The intermediate tier involves pursuing Series 1875 notes from the same cities and then extending to smaller towns along the main rail corridors. The SPMC (Society of Paper Money Collectors) maintains an extensive library of national bank data, and the “Territorial and National Bank Note Reference” by Louis Van Belkum remains an invaluable resource for establishing which banks existed in which towns and what series they issued.

The advanced pursuit, naturally, involves Original Series notes and true territorial issues. At this level, professional third-party grading from PMG or PCGS Currency is not optional; it is essential. Provenance documentation, ideally tracing a note back to a known collection or early auction appearance, adds both confidence and value. The late John Hickman’s collection, dispersed through multiple Lyn Knight and Heritage sales in the 1990s and 2000s, produced many landmark Western national results and serves as a benchmark for condition and price comparisons.

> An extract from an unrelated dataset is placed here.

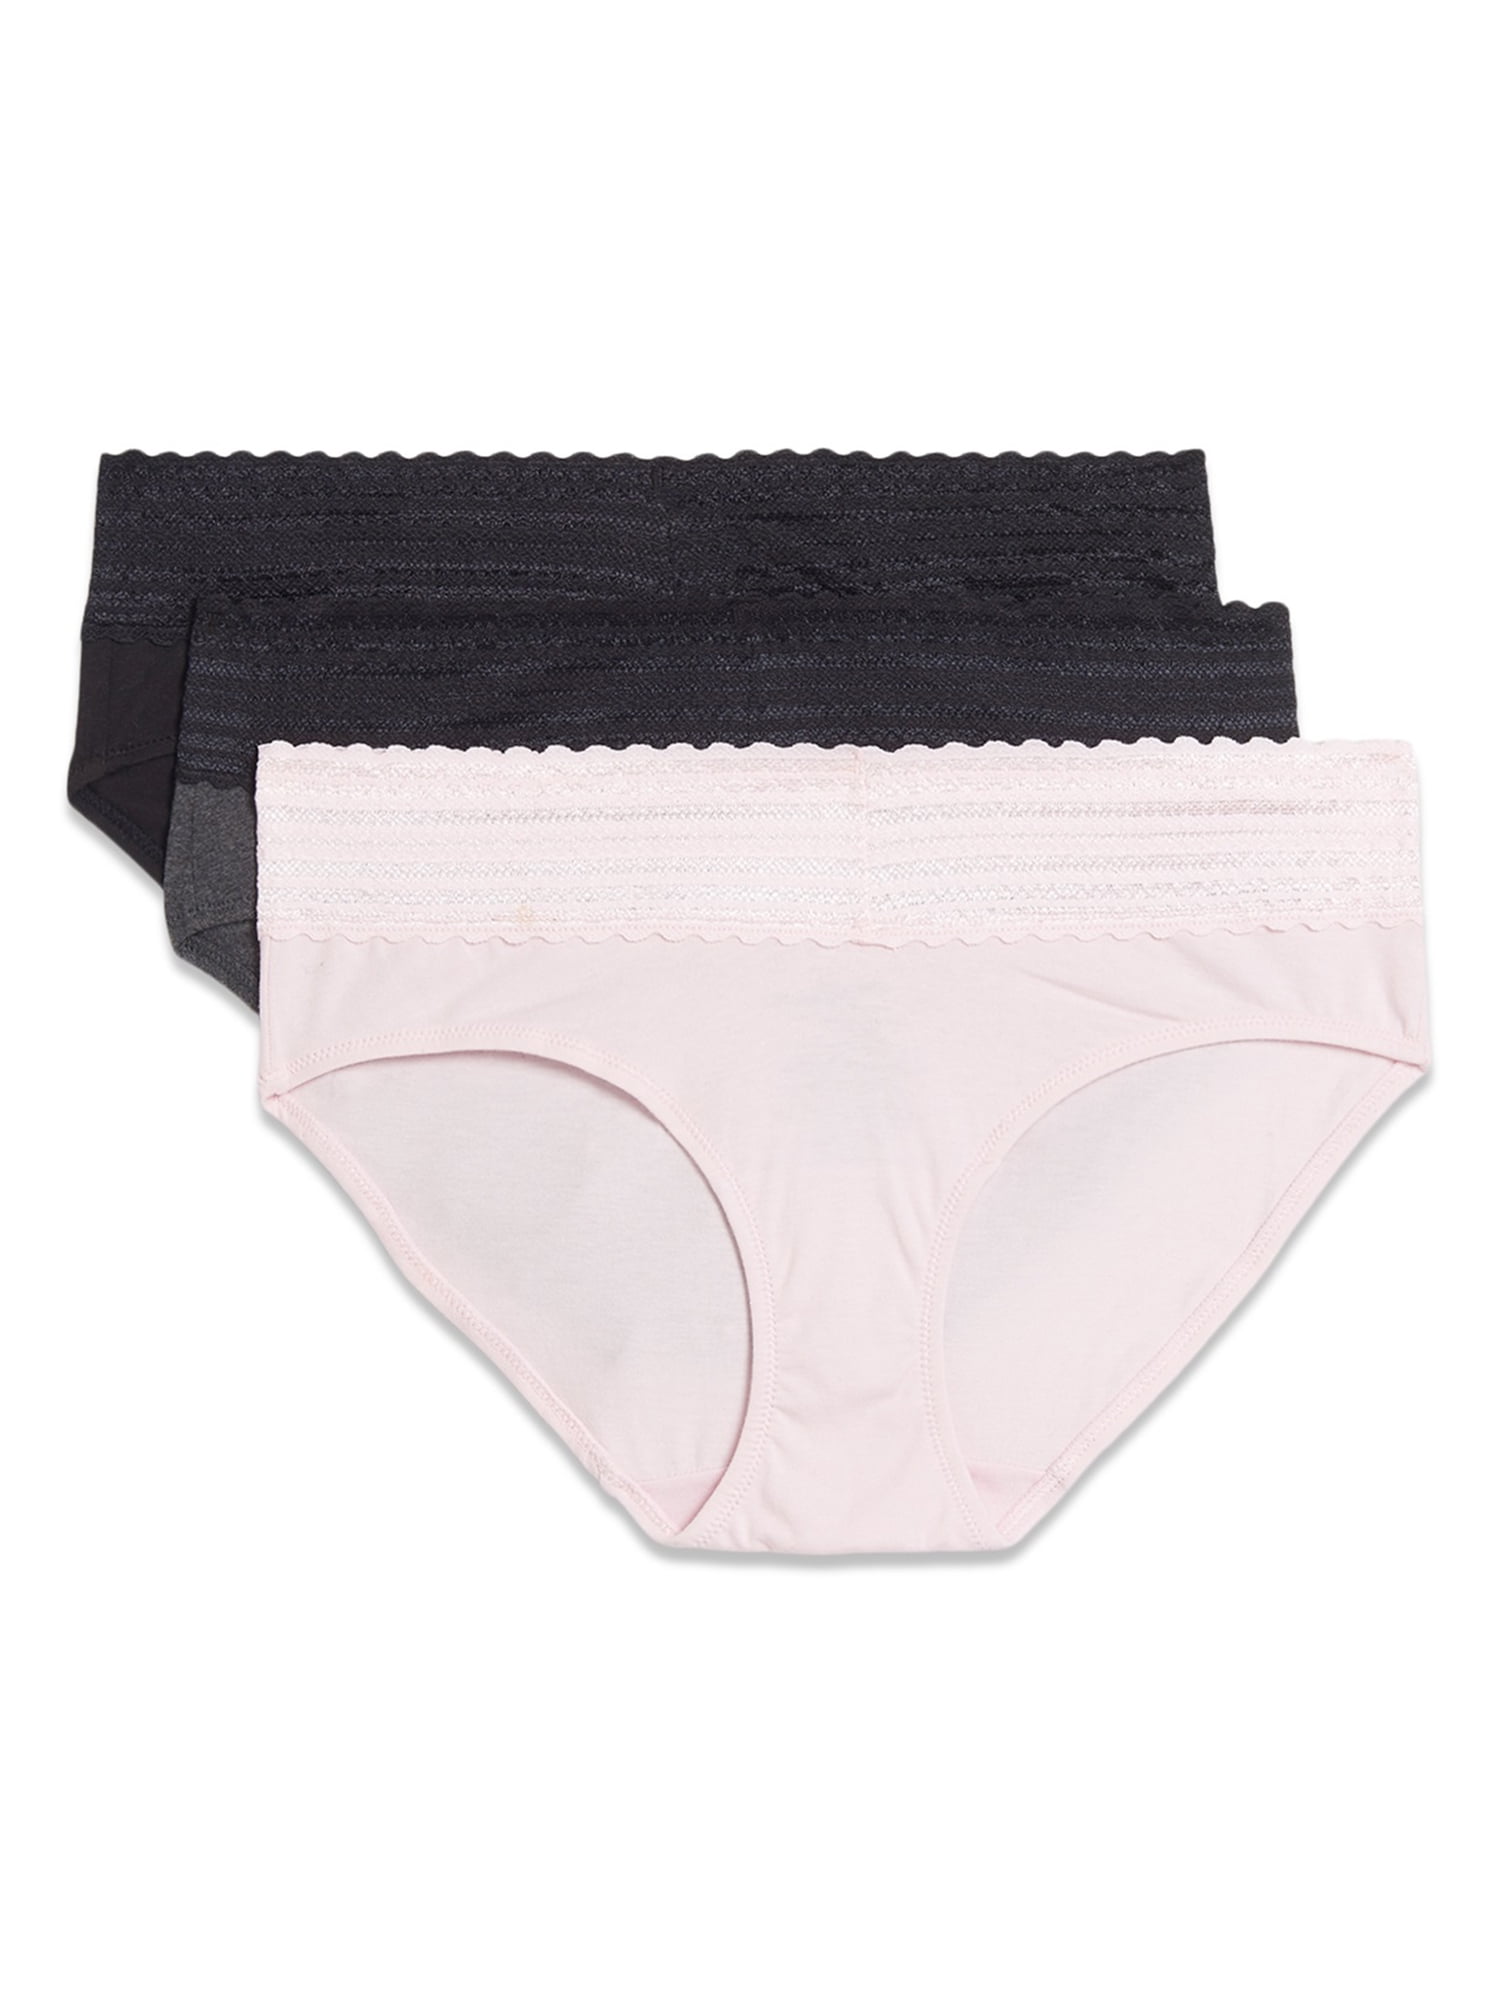 Warners Blissful Benefits Dig-Free Microfiber Brief 3-Pack RS9043W

Conclusion: Collecting the Infrastructure of Manifest Destiny

The transcontinental railroad was the greatest infrastructure project of nineteenth-century America, and its economic ripple effects reached far beyond iron rails and wooden trestles. In the towns that sprouted along every surveyed right-of-way, the locally chartered national bank was as essential an institution as the depot itself. The notes those banks issued, printed under the authority of the federal government and bearing the proud names of communities that sometimes vanished as quickly as they appeared, are among the most historically resonant artifacts that currency collectors can pursue. They are simultaneously local history documents, federal financial instruments, and works of engraver’s art produced during a golden age of American banknote design. The steel rails are still there, in many cases. The paper money is far more fragile, and far more rare.